_Exercise details_. Take the line containing "ELK Lighting 570-1B-C-LED" and every line after it to the end of the material below; reproduce them exactly, without pictures.

_Given information_.
*** Begin section ***

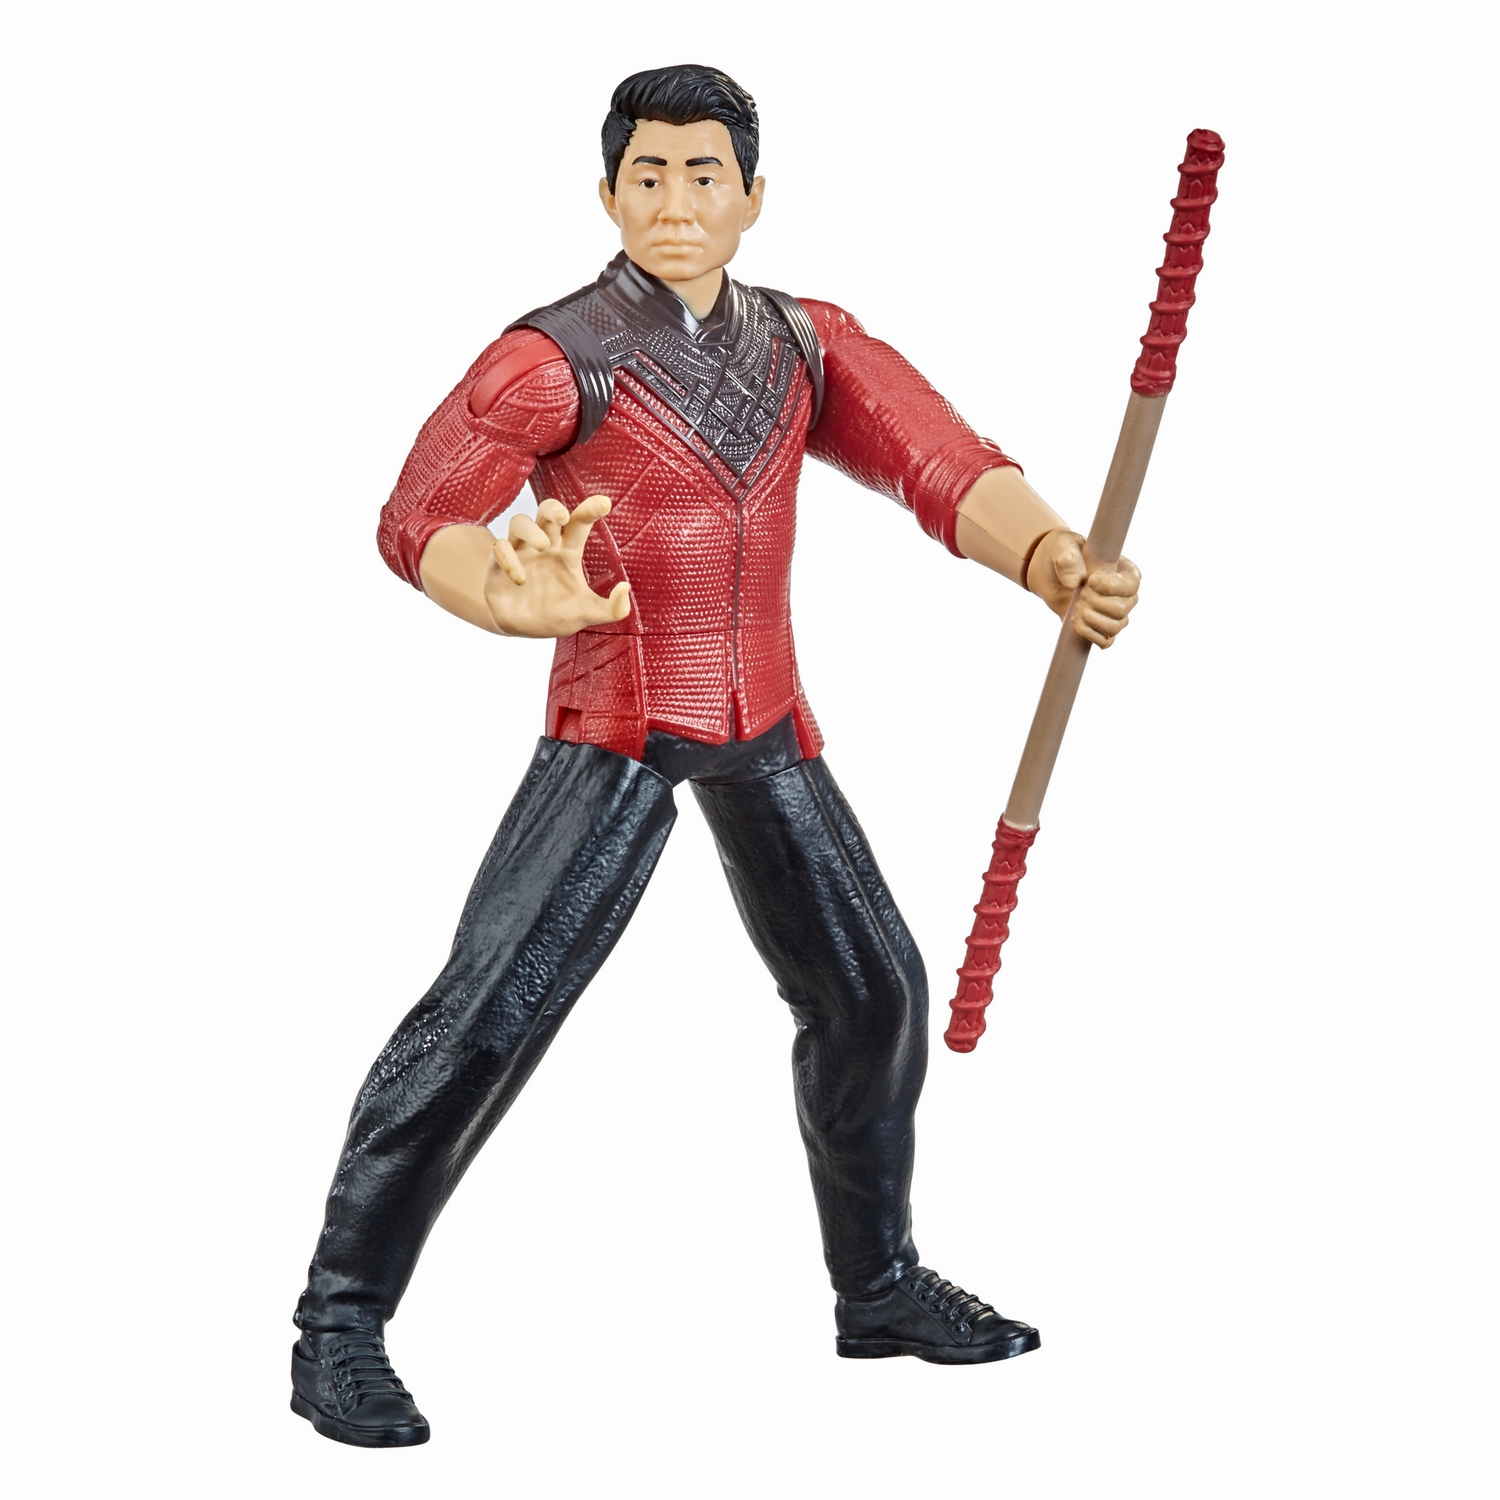 MARVEL SHANG-CHI AND THE LEGEND OF THE TEN RINGS 6-INCH SHANG-CHI Figure - oop (1).jpg
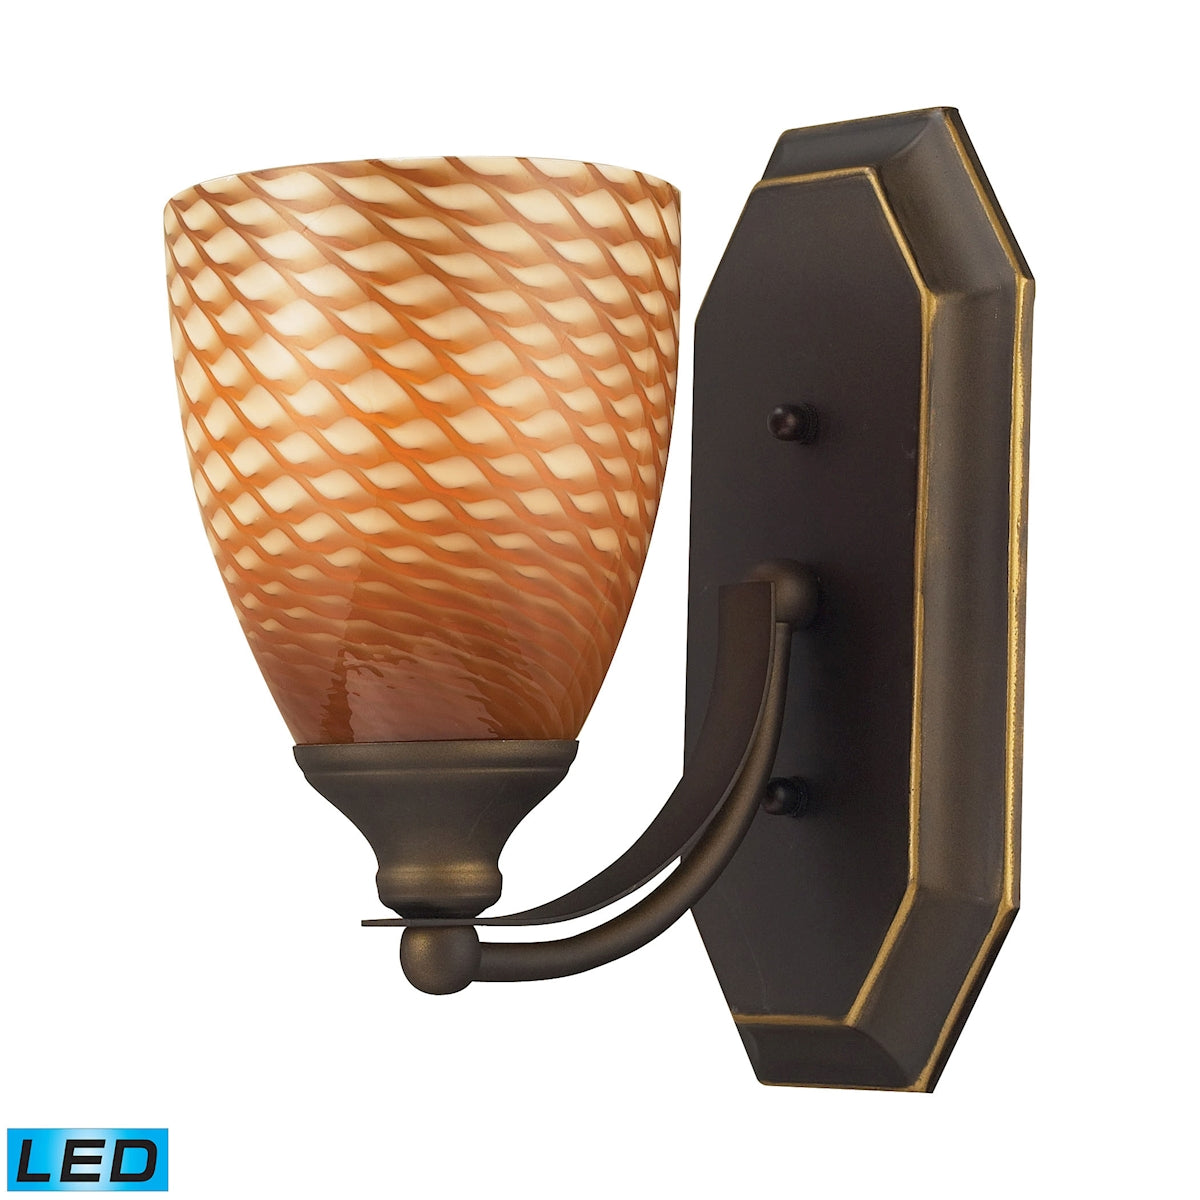 ELK Lighting 570-1B-C-LED Mix-N-Match Vanity 1-Light Wall Lamp in Aged Bronze with Cocoa Glass - Includes LED Bulb
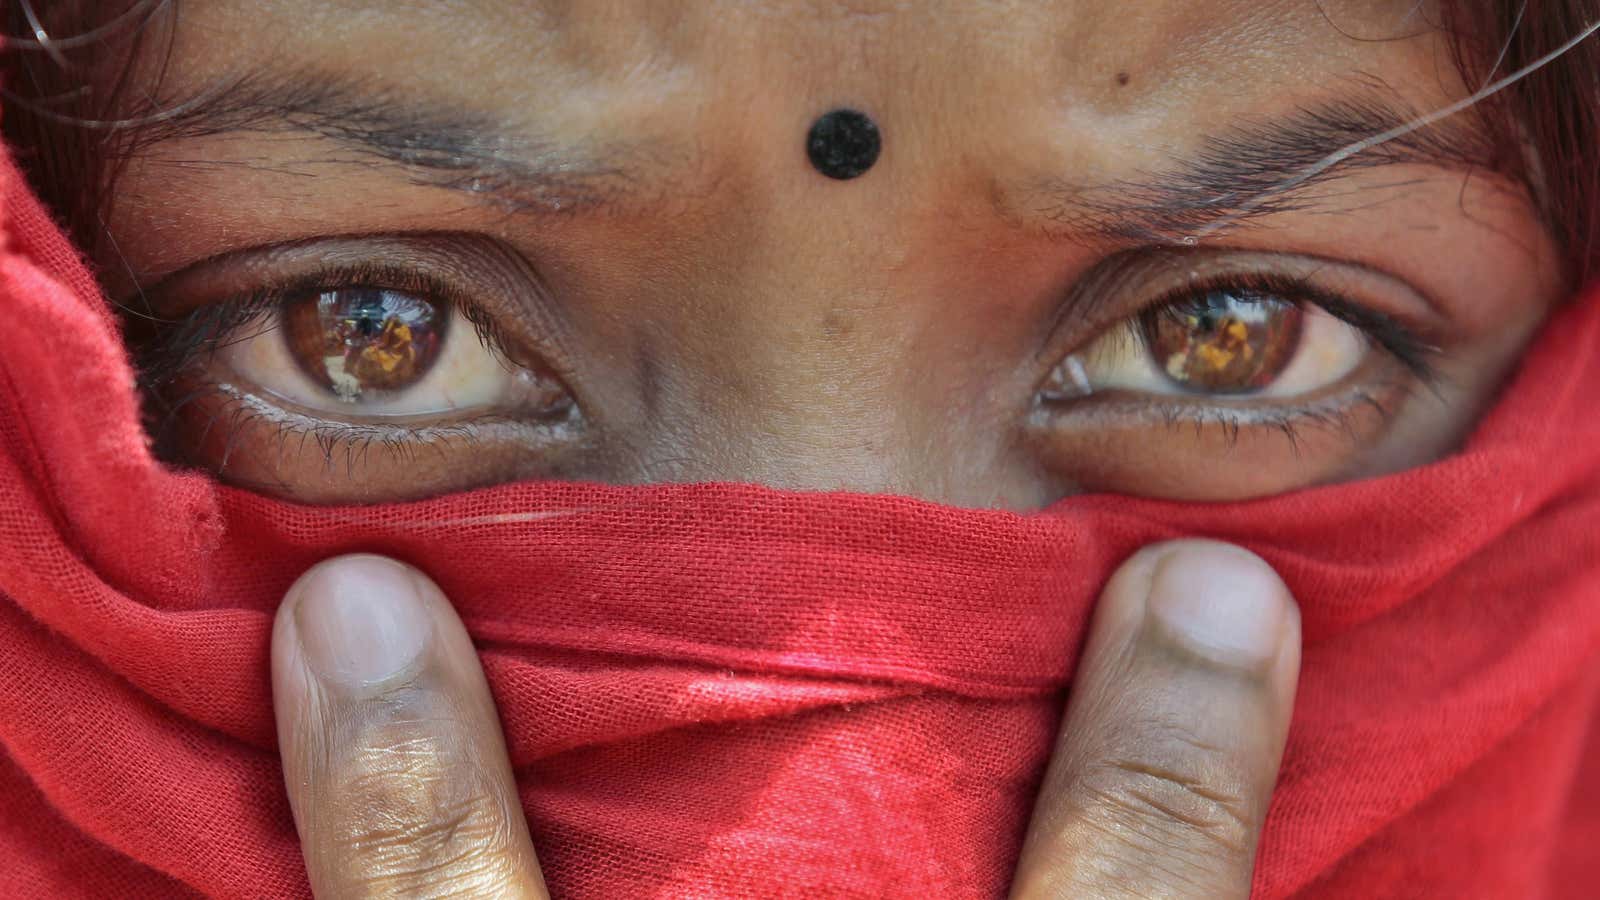 A garment worker during a protest in Dhaka, Bangladesh.

*** End section ***

_The completed task_.
 ELK Lighting 570-1B-C-LED Mix-N-Match Vanity 1-Light Wall Lamp in Aged Bronze with Cocoa Glass - Includes LED Bulb
 A garment worker during a protest in Dhaka, Bangladesh.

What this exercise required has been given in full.